Consider a few examples. Fyndanis et al. (2013) see functional causes behind partial similarities across the linguistic profiles of aphasic and AD persons. Injuries of quite different regions of the brain may have similar consequences like the occurrence of limitations in processing resources found in agrammatic aphasia and in AD alike. It is assumed that one of the partially similar consequences of lesions of the anterior part of the brain and of a progression of microscopic pathological changes starting from the medial temporal lobe is a reduction of processing resources. Fyndanis et al. (2013) found dissociation—similar to the linguistic symptoms of agrammatic aphasia (Bastiaanse et al., 2011)—of three functional grammatical categories in native speakers of Greek with mild AD: a relative retention of subject-verb agreement and limitations in tense morphemes on verbs and aspect markers in both sentence production and grammaticality decisions/sentence comprehension. They found that such limitations correlated with the degree to which the given process or feature might be burdensome for the processing/productive systems. For instance, operations with non-interpreted features are “easier” to perform than the production or assessment of verbal tense markers and aspect markers involving interpreted grammatical features, given that the latter two require integration of linguistic and non-linguistic mental representations with one another. On the other hand, Kavé and Levy (2003) did not find such linguistic profiles with native Hebrew mild AD persons: the found the use of both agreement and tense markers fully retained. Altmann et al. (2001) found deficits of closed-class words and morphosyntax in mild AD native speakers of English. Bencini et al. (2011) showed that the syntactic error patterns of AD persons also depend on the syntactic options of their native languages. Whereas, in the case of Italian, a language allowing grammatical covert subjects, AD persons relatively frequently dropped the subject in complex sentences, in the case of English where overt subjects are required the AD subjects did not drop their subjects. The sentence repetition performances (deficits) of two groups with comparable MMSE scores but with different native languages, on the other hand, were rather similar.

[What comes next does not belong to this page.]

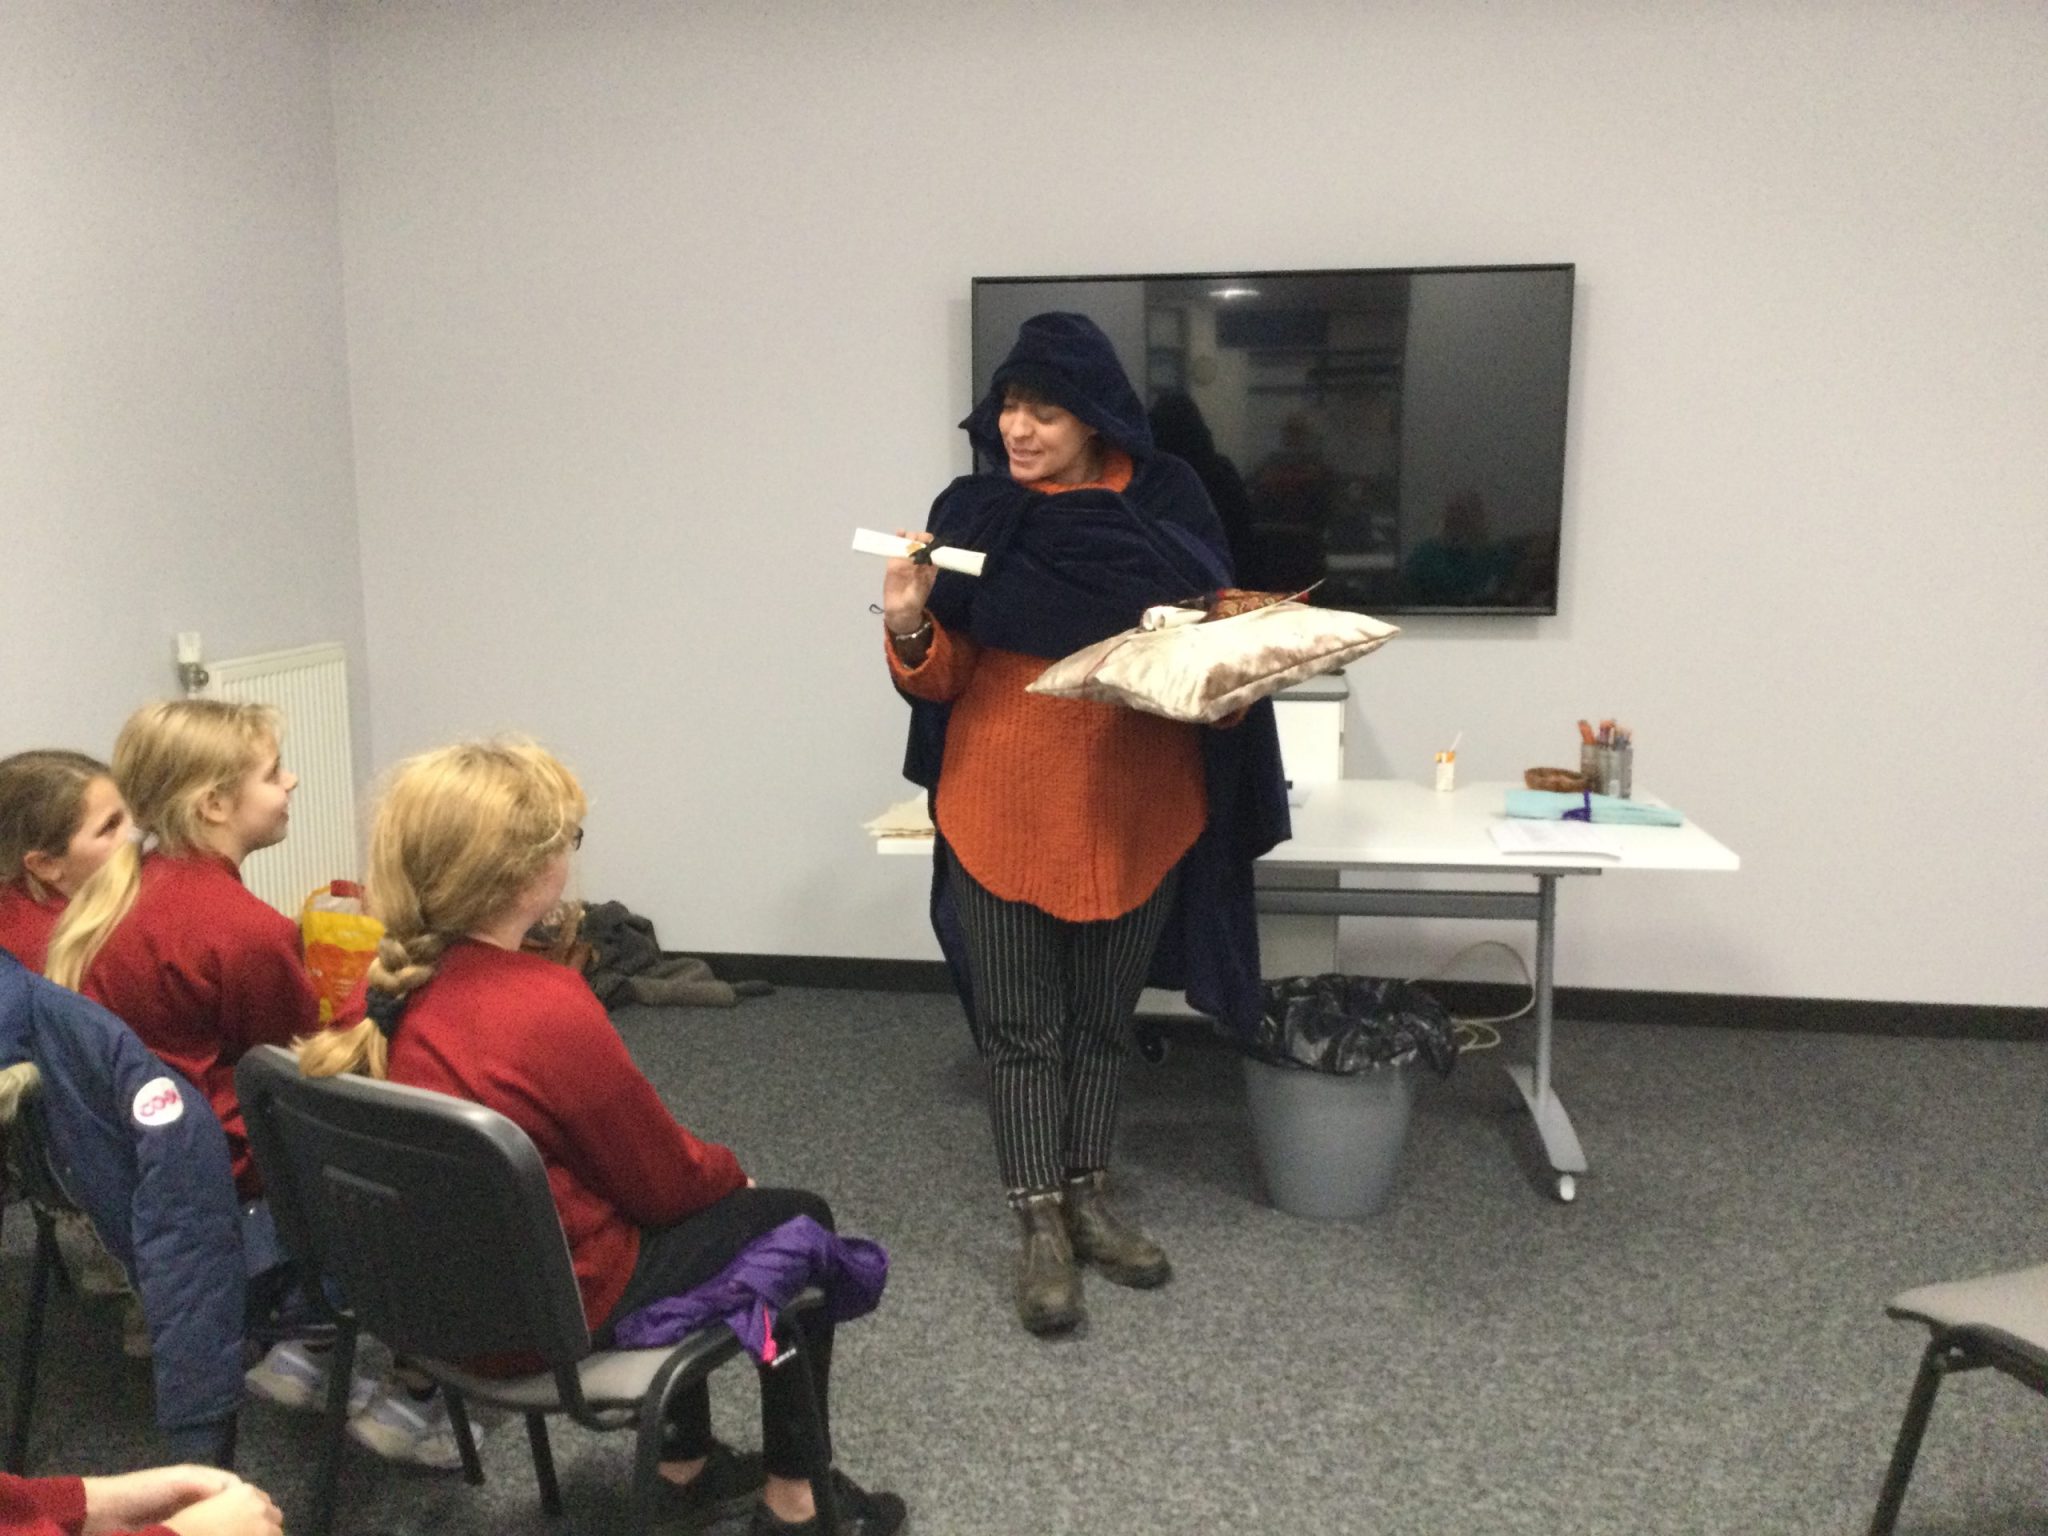 Artist Caitlin dressed in a blue velvet cloak handing out scrolls to the children

Ullman et al. (1997), Cortese et al. (2006), Ullman (2008), and Walenski et al. (2009) point out that AD persons' linguistic limitations are mainly revealed by their erroneously producing regular forms for lexical items with irregular morphology, primarily due to limitations of the system of declarative memory, while syntactic processes are retained due to their unimpaired system of procedural memory. These data show similarities with the linguistic profile of posterior aphasia.

Other studies have shown that in AD the retention of syntax is coupled with semantic deficit, among other things, in processing sentences containing non-agentive psych verbs whose thematic structure does not follow the standard thematic hierarchy. If thematic roles are to be assigned in the lack of an Agent, deviations from canonical argument realization yield limited performance (e.g., Manouilidou and de Almeida, 2009; Manouilidou et al., 2009). Similar comprehension deficits were also reported in Broca's aphasia (e.g., Finocchiaro, 2002; Piñango, 2000, 2006).

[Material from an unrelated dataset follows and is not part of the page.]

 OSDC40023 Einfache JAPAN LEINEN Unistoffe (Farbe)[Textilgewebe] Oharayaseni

Szatlóczki et al. (2015) found phonetic limitations in spontaneous speech production already in early AD stages, along with semantic-pragmatic limitations. Laurent and Noiret (2015) argue that AD limitations of the visual perceptual and processing system may affect higher level cognitive functions, including performance in linguistic production tasks involving a visual component.

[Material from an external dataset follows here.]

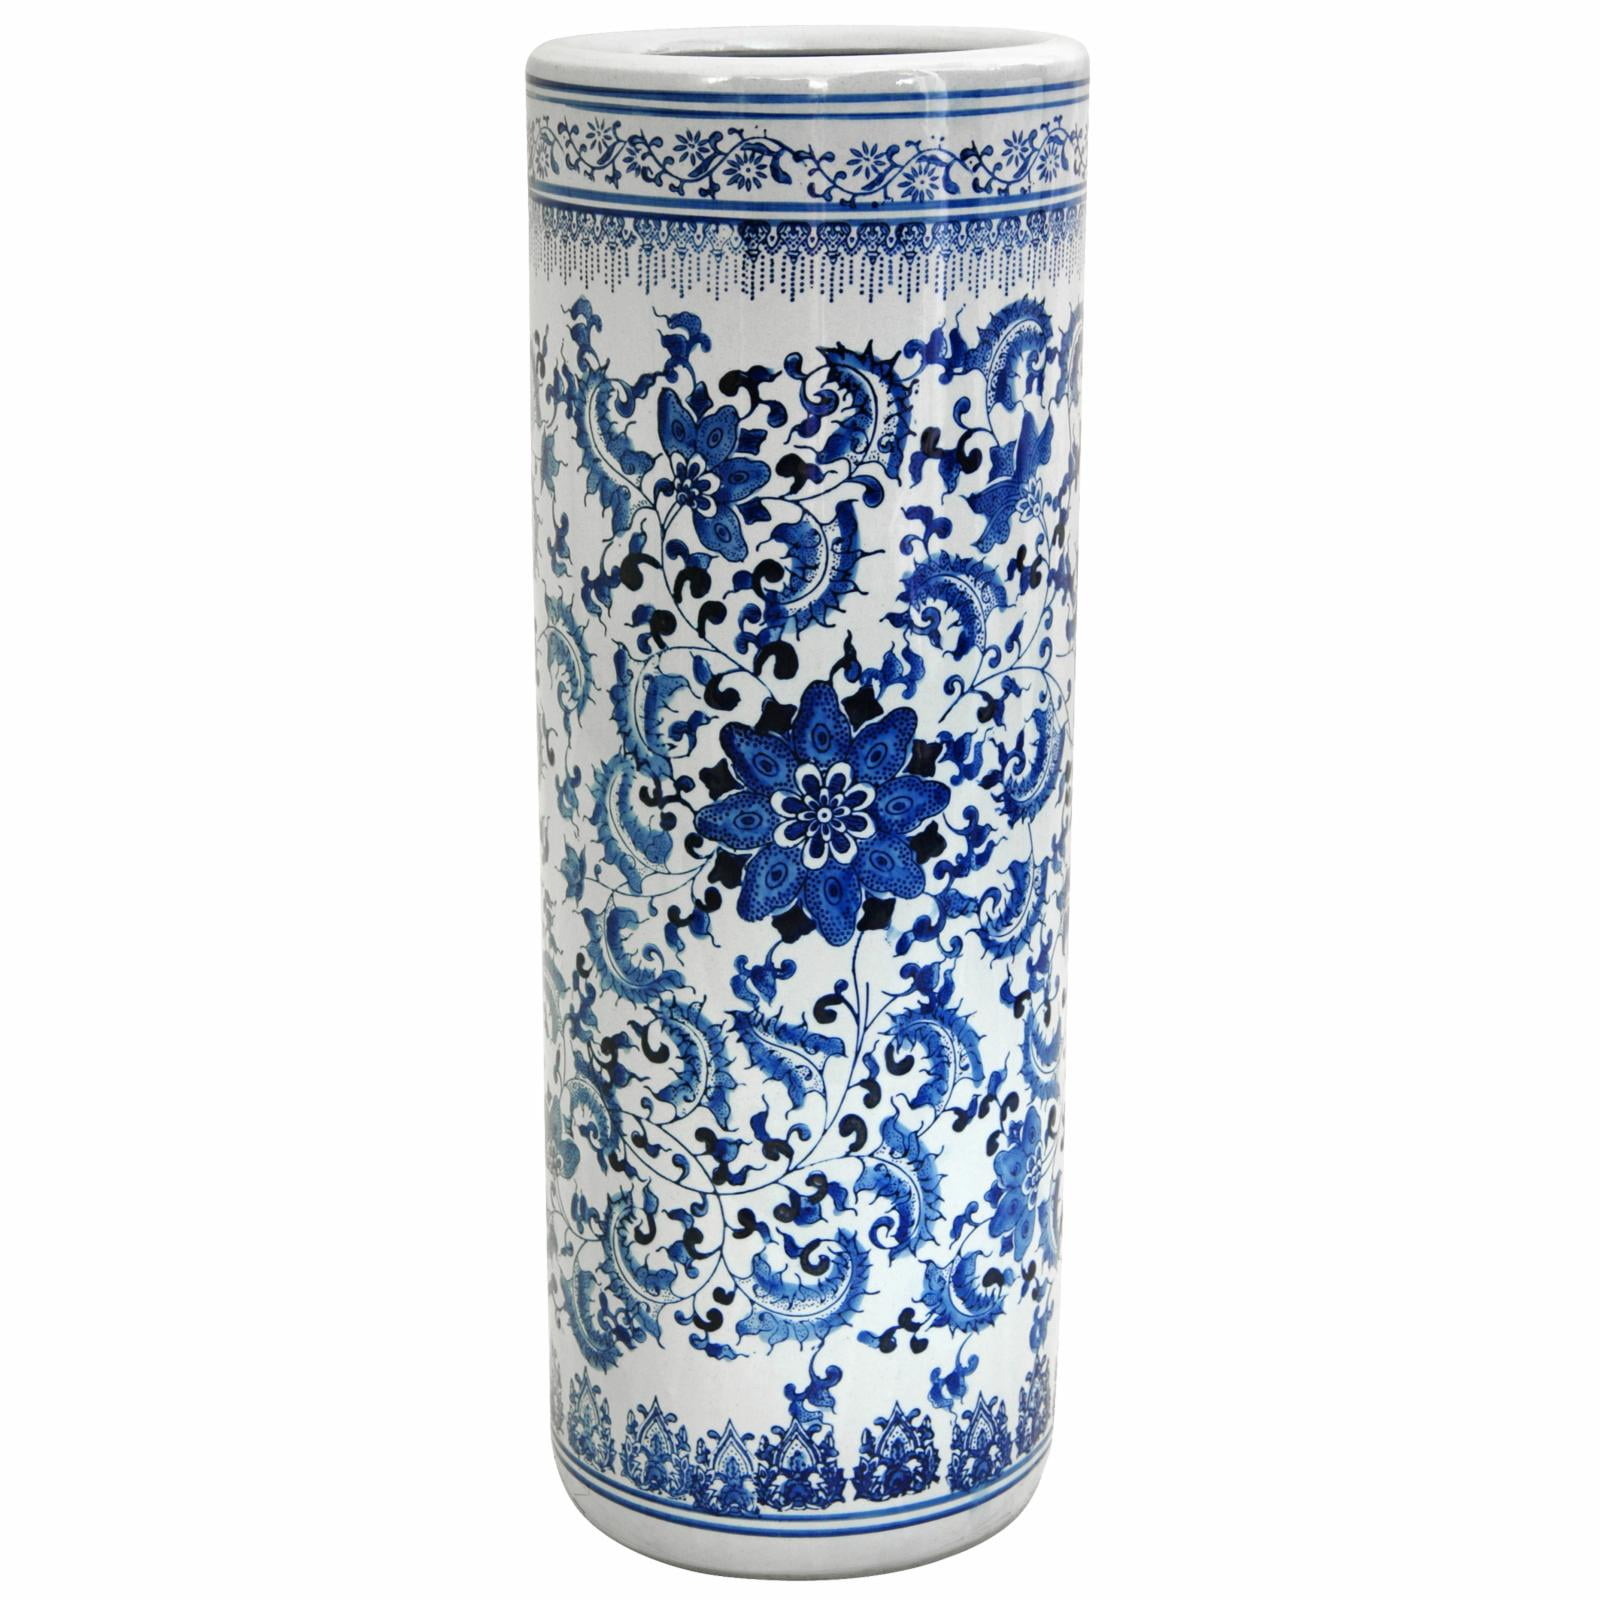 Umbrella Stand Stick Holder Round Blue & White Flowers 18" Tall Ceramic Storage

Various studies have found a wide variety of sometimes contradictory patterns of linguistic deficits and limitations in AD. But as far as we know, it has not been investigated so far how the functional linguistic limitations sketched above affect the operations of recursive clause embedding in cases of mild and moderate AD. This is what motivated the involvement of AD participants in our experiments.

The experiments to be presented involved three persons with Broca's aphasia, two persons with Wernicke's aphasia, six persons with mild and moderate AD and 20+6 healthy control participants.

2. Experiment #1: Aphasic Participants

2.1. Participants

All aphasic participants had a left unilateral brain lesion. Participants were assigned to aphasia types on the basis of CT results and the Western Aphasia Battery (WAB) tests (Kertesz, 1982). WAB test was adapted to Hungarian by Osmánné (1991).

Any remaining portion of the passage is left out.